Required action => Reproduce the lines of the material exactly, excluding every image.

Provided data =>
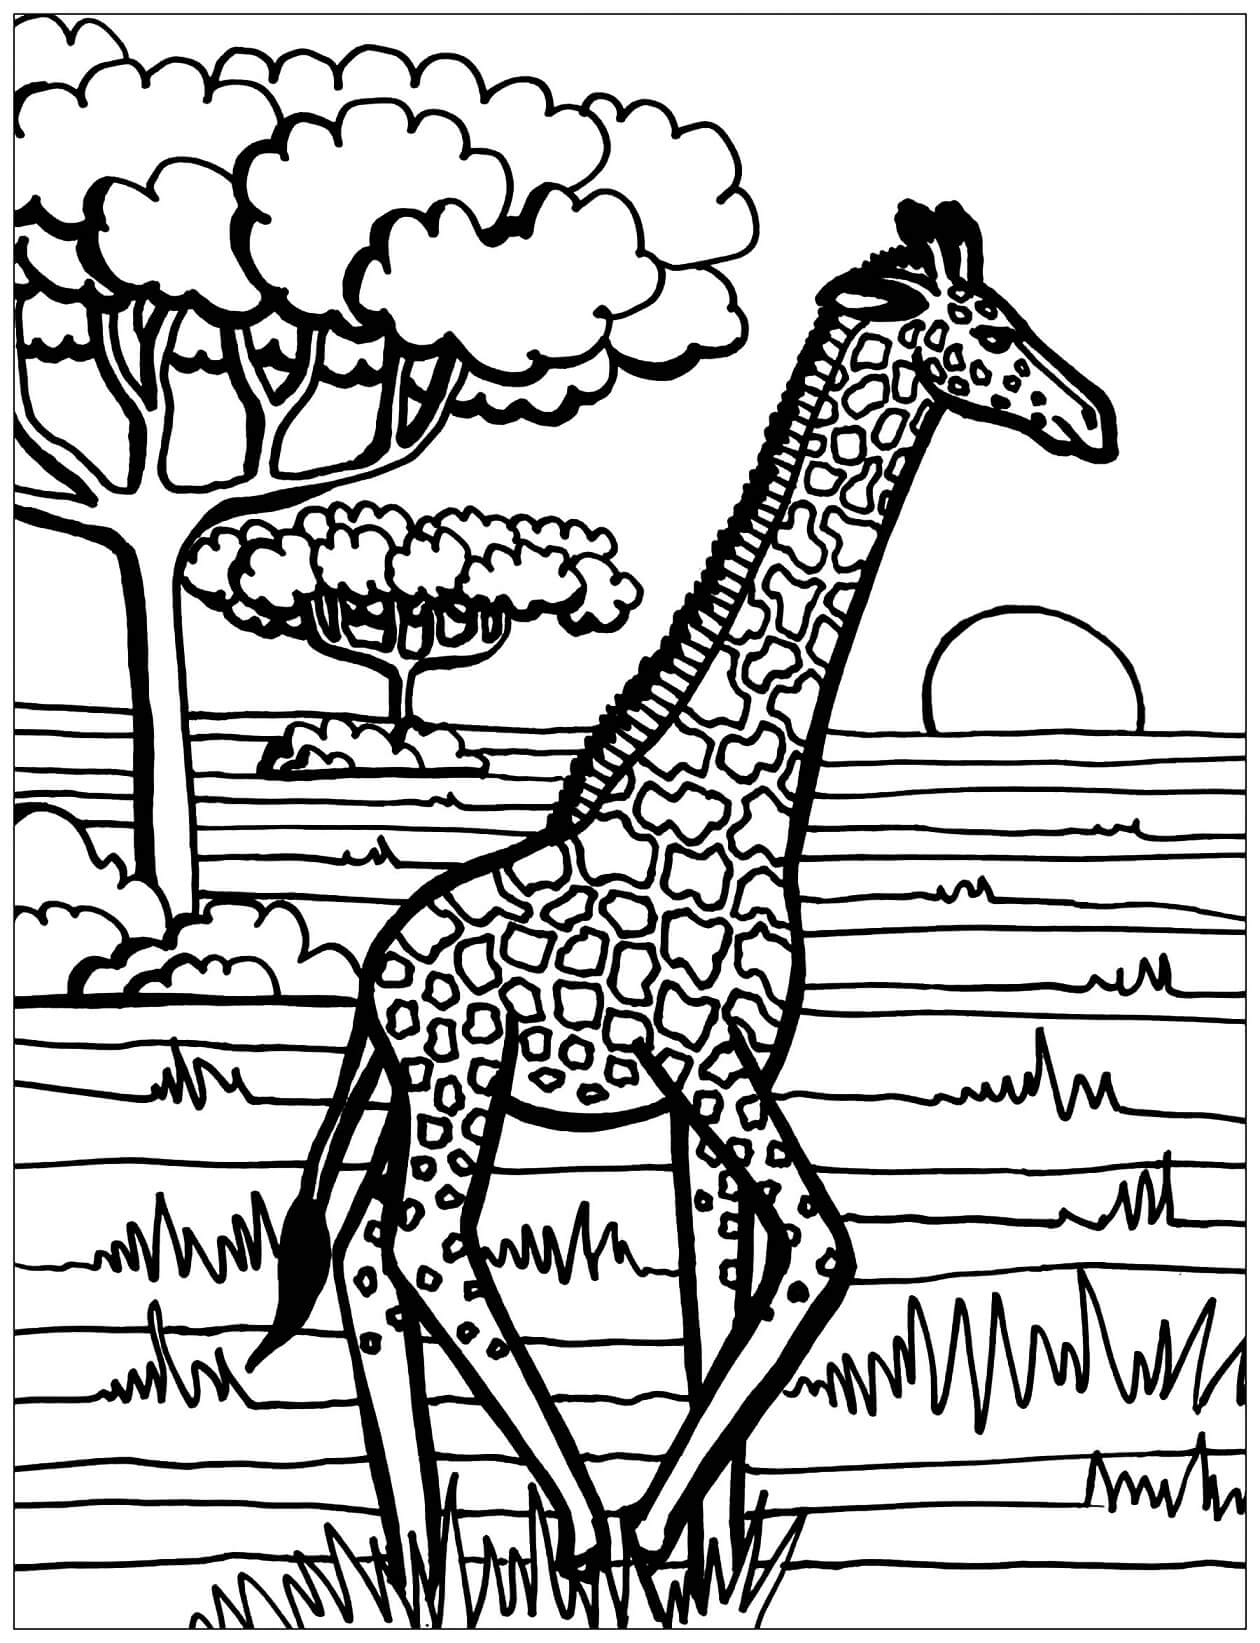 Mandala Giraffe Coloring Page - Sheet 10 Mandalas
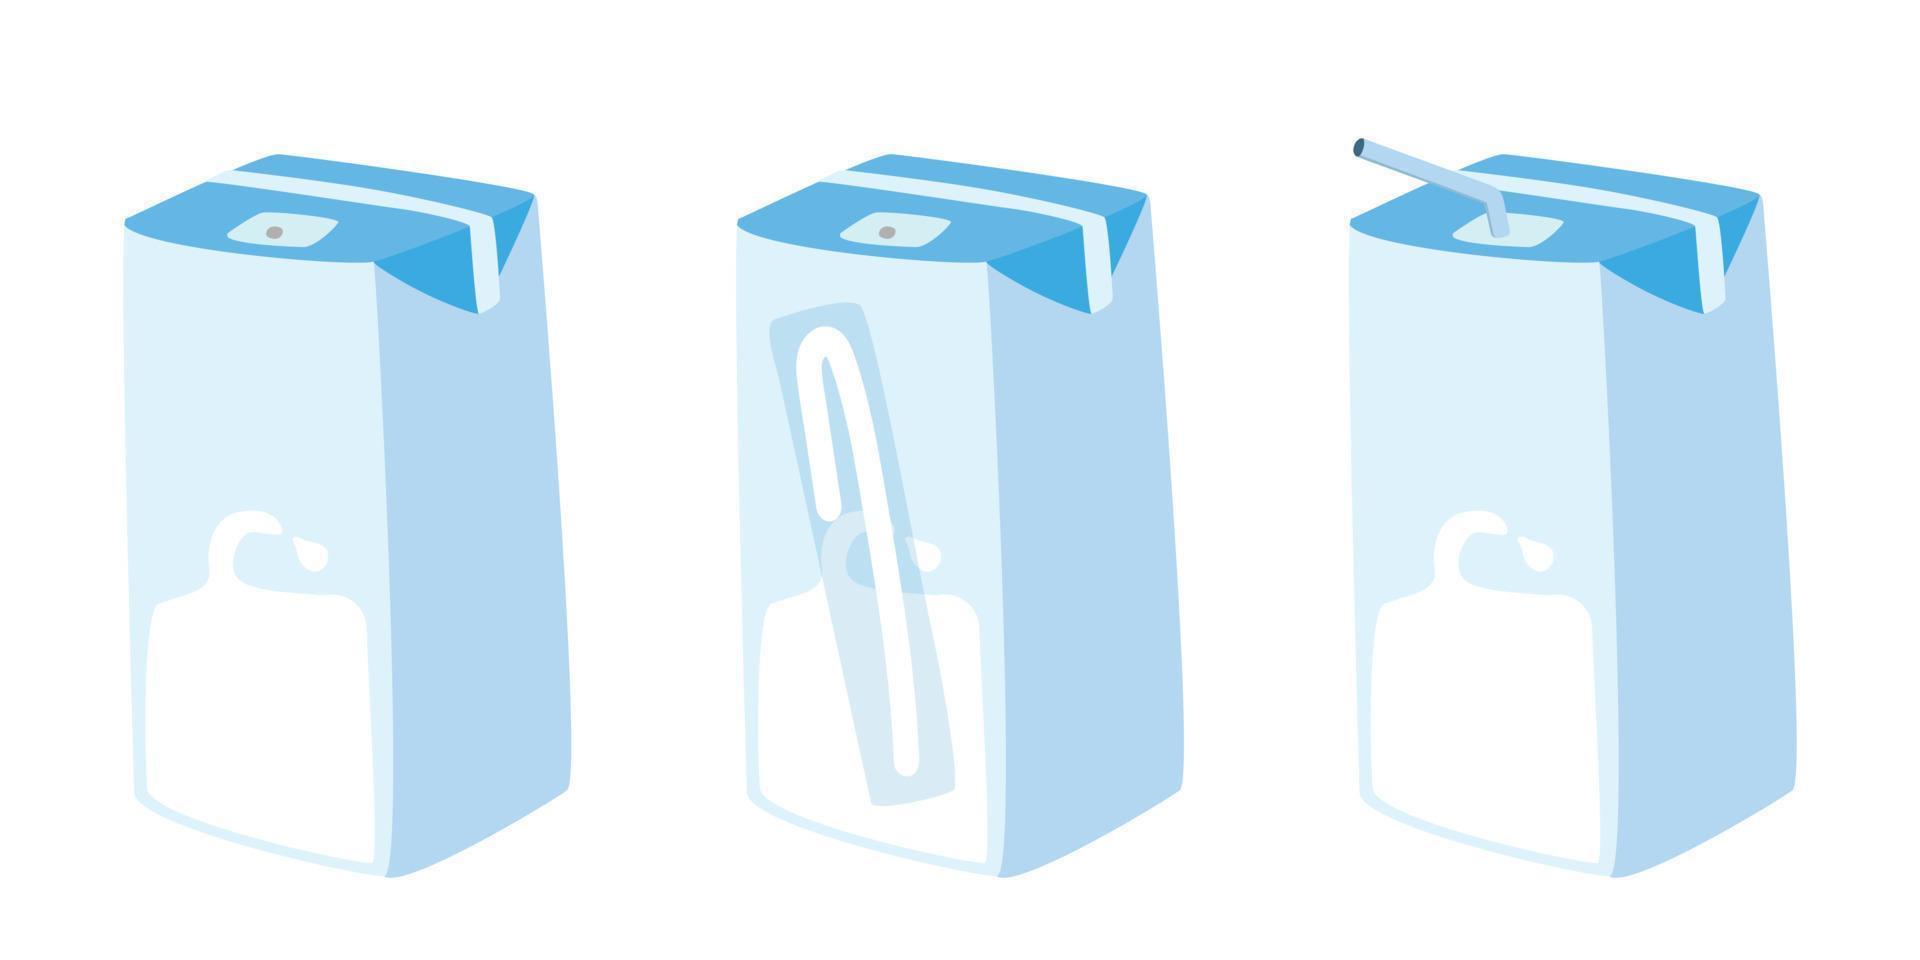 ensemble de lait dans la conception de vecteur de petite boîte en carton. boîte en carton de lait courte avec clipart de paille. boîte à lait dans différentes poses de dessin mignon de style dessin animé de paille. boîtes de lait doodle. notion de produits laitiers
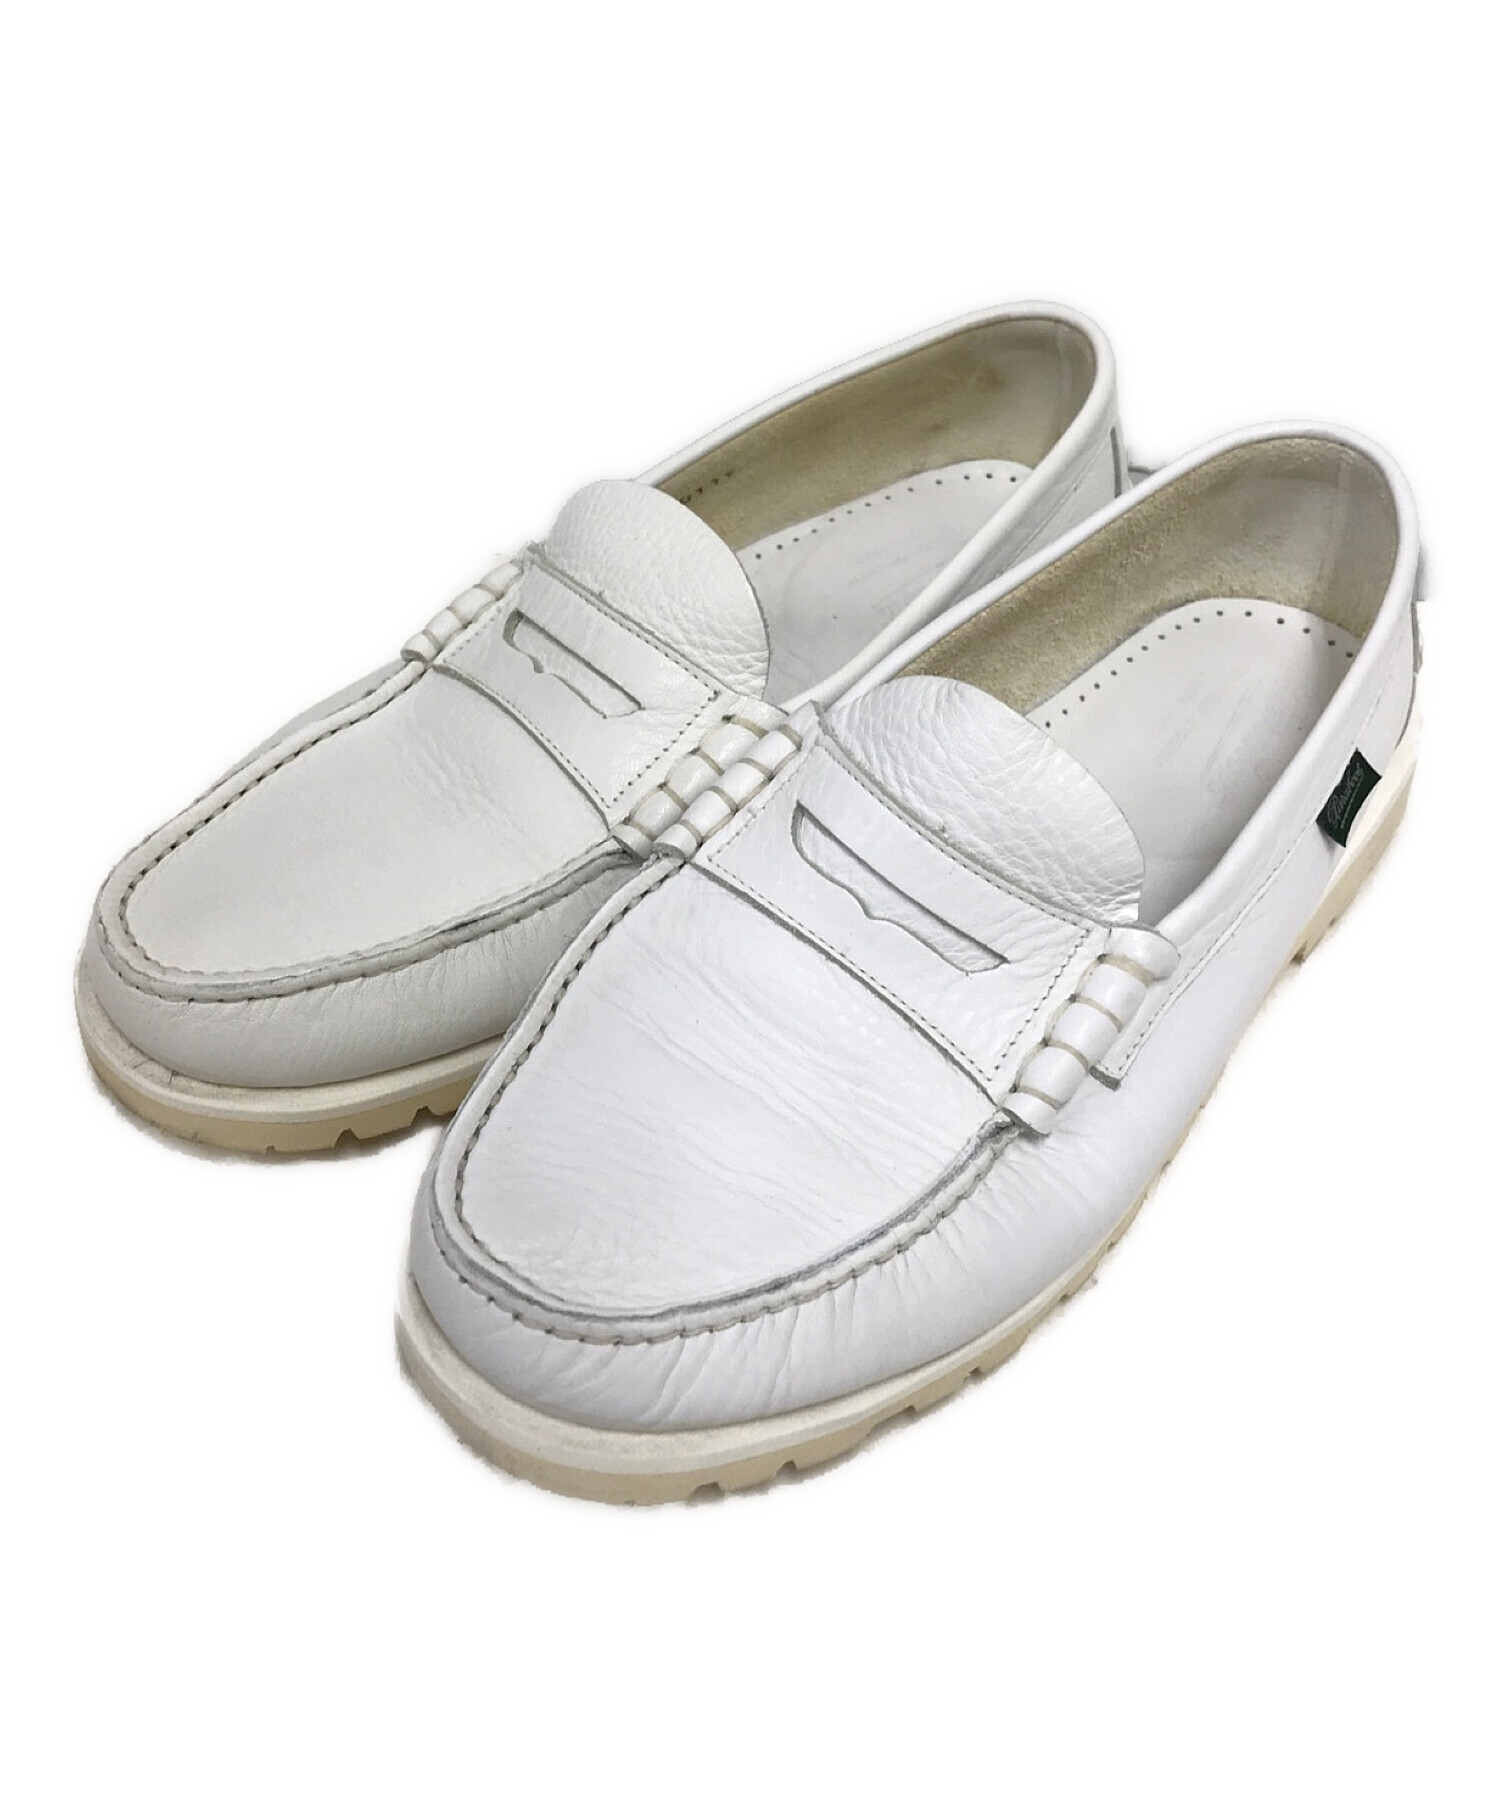 靴/シューズパラブーツ ホワイトコインローファー - ローファー/革靴

Written reply =>
 Mandala Giraffe Coloring Page - Sheet 10 Mandalas
 ensemble de lait dans la conception de vecteur de petite boîte en carton. boîte en carton de lait courte avec clipart de paille. boîte à lait dans différentes poses de dessin mignon de style dessin animé de paille. boîtes de lait doodle. notion de produits laitiers
 靴/シューズパラブーツ ホワイトコインローファー - ローファー/革靴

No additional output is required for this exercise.